The largely civil debate got a little ugly when the doors to the hearing opened and only tenants and their allies were allowed in; the room was too small even to accommodate the media, at first. Inside, eight Democratic senators largely in agreement on rent regulations heard testimony from tenants and advocates who largely agreed with the senators and with one another.

But there was valuable testimony anyway. John Randall, a member of the Crown Heights Tenant Union, said his building had seen multiple MCIs recently and, as a result, “People are going to have to move out.” Carmen Vega-Rivera from Community Action for Safe Apartments noted the chief concern of tenants which is that MCIs are not really used to pay for needed work but just as a way to bypass rent regulations. “It’s not an incentive,” she said. “It’s just another tool to drive up rents.”

And Michael Barboso, the New York Attorney General’s Brooklyn representative, testified that “There’s far too little oversight ” of MCIs and IAIs, but made clear that landlords do make legitimate claims under both systems: “Our investigations show there is fraud in some MCIs and IAIs, and not in others.”

‘Responsible’ is in the eye of the beholder

The challenge to drawing broad conclusions about whether or not MCIs are necessary is that not all rent-stabilized building owners are similarly situated. Some, like the Banana Kelly Community Improvement Agency that manages affordable housing in the Bronx, never use MCIs because the size of their portfolio allows them to maintain a reserve fund that covers major repairs. Other landlords might have very old housing that does need a lot of work: 38,000 of the city’s rent-stabilized units were built before 1900. But for some newer owners, the real pressure might not be the mounting repair bill but rather the debt service for the speculative price they paid for the building.

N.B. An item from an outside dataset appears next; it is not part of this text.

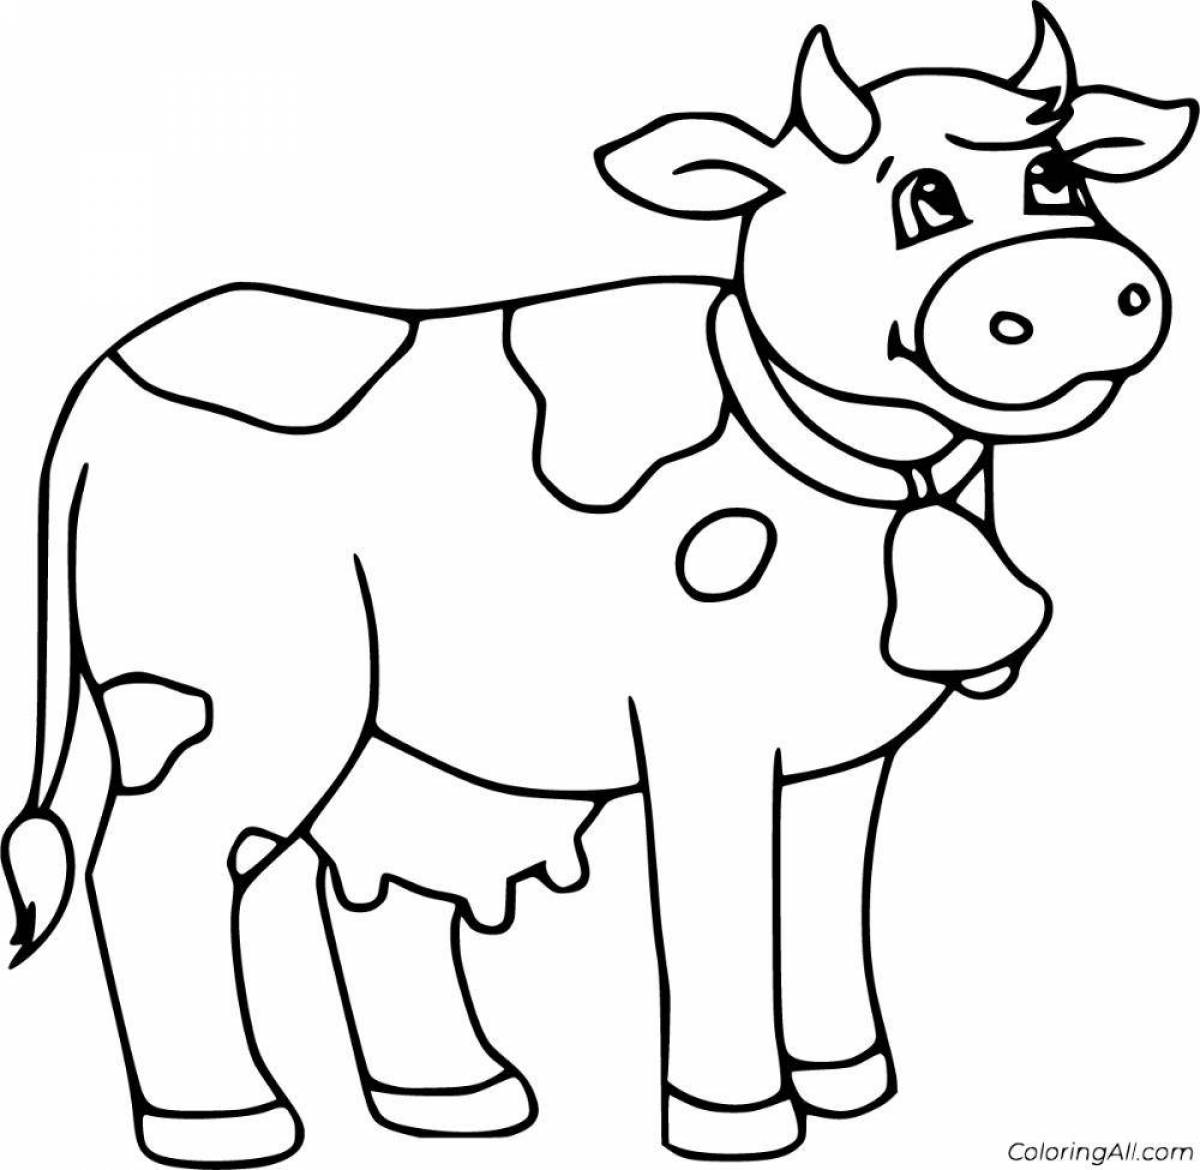 Забавная раскраска коровы для детей

John Reilly, who manages 100 properties and 3,000 units of housing for Fordham Bedford Housing Corporation in the Bronx, says eliminating MCIs would have side effects, but feels the downsides of the current system have simply become too big to bear. “I think it could present some issues replacing ancient kitchens, baths, et cetera in non-program affordable rentals,” he tells City Limits by email, with “program” being a reference to apartments that get direct subsidies. “But clearly the lax enforcement allowed the program to run out of control driving some rents to crazy levels.”

A mailer from Taxpayers for an Affordable New York.

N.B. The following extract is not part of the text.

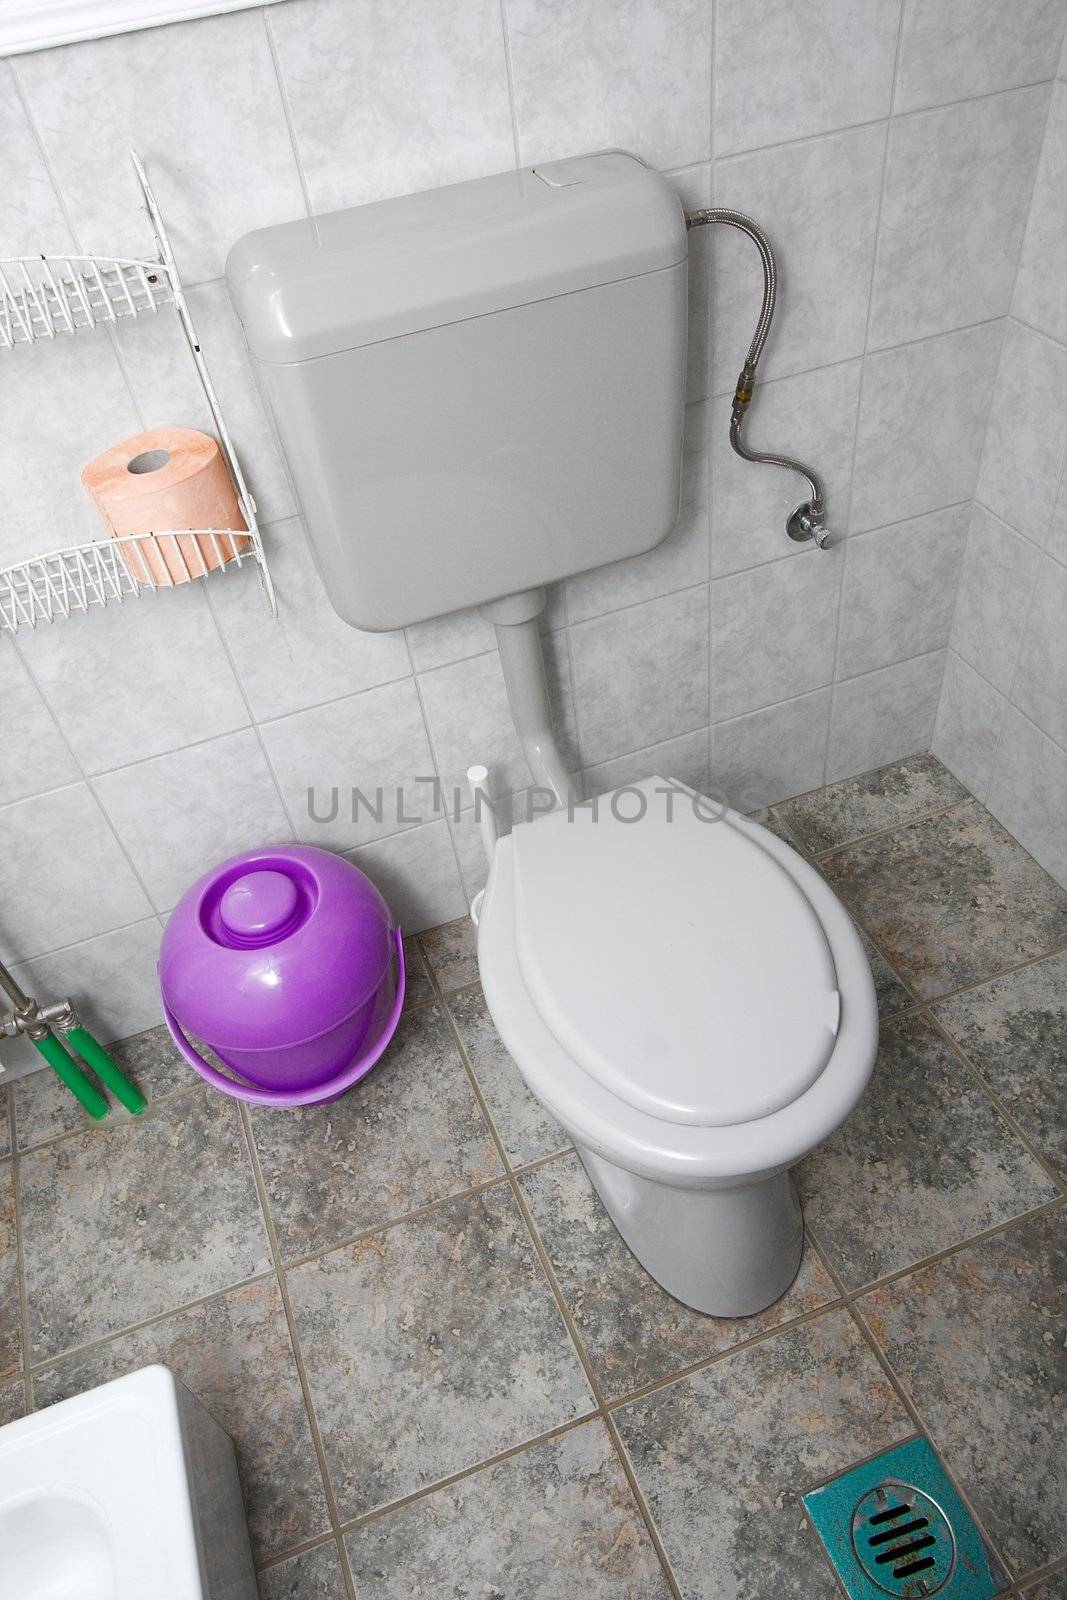 Toilet in a household bathroom

In a recent report, the Furman Center did not predict that eliminating MCIs would stop landlords from doing work on buildings. But it did warn that eliminating MCIs would spread the costs generally among rent-regulated tenants. Killing MCIs and IAIs could cause the [RGB] to account for these costs with higher across-the-board, basic rent adjustments.” And that would mean repair costs “could be borne by all tenants, even those who have not benefited from any investment in their unit or building.”

Would the death of MCIs be on the table if property owners hadn’t successfully thwarted efforts at more modest reforms, like limiting the length of MCI increases, in the past? Possibly not. Fact is, the people now calling for “responsible rent reforms” resisted efforts to reform the system in earlier years. The organization behind those mailers, Taxpayers for an Affordable New York, is a 501c4 formed back in 1991 that operates as an arm of REBNY and has directed more than $275,000 in donations to local and state candidates since then.

For his part, de Blasio is sticking to the same line he held in 2015: Mend, don’t end, MCIs. “While MCIs help ensure that owners can make necessary investments in building wide systems which is critical to ensuring that tenants are living in safe, habitable and well-maintained buildings, we do believe that the current MCI system must be reformed,” says a spokeswoman for the mayor. “We want to encourage landlords to invest in and improve their buildings for tenants without permanent increases in rent.”

While the mayor is seen as close to REBNY, which represents developers, he is anathema to landlord groups, who resent the rent freeze he imposed for two years and blame him for inaction on property taxes. So it’s somewhat ironic that de Blasio’s position might represent the best landlords can hope for from Albany this year. And yet, even with such an odd ally, it might be too late.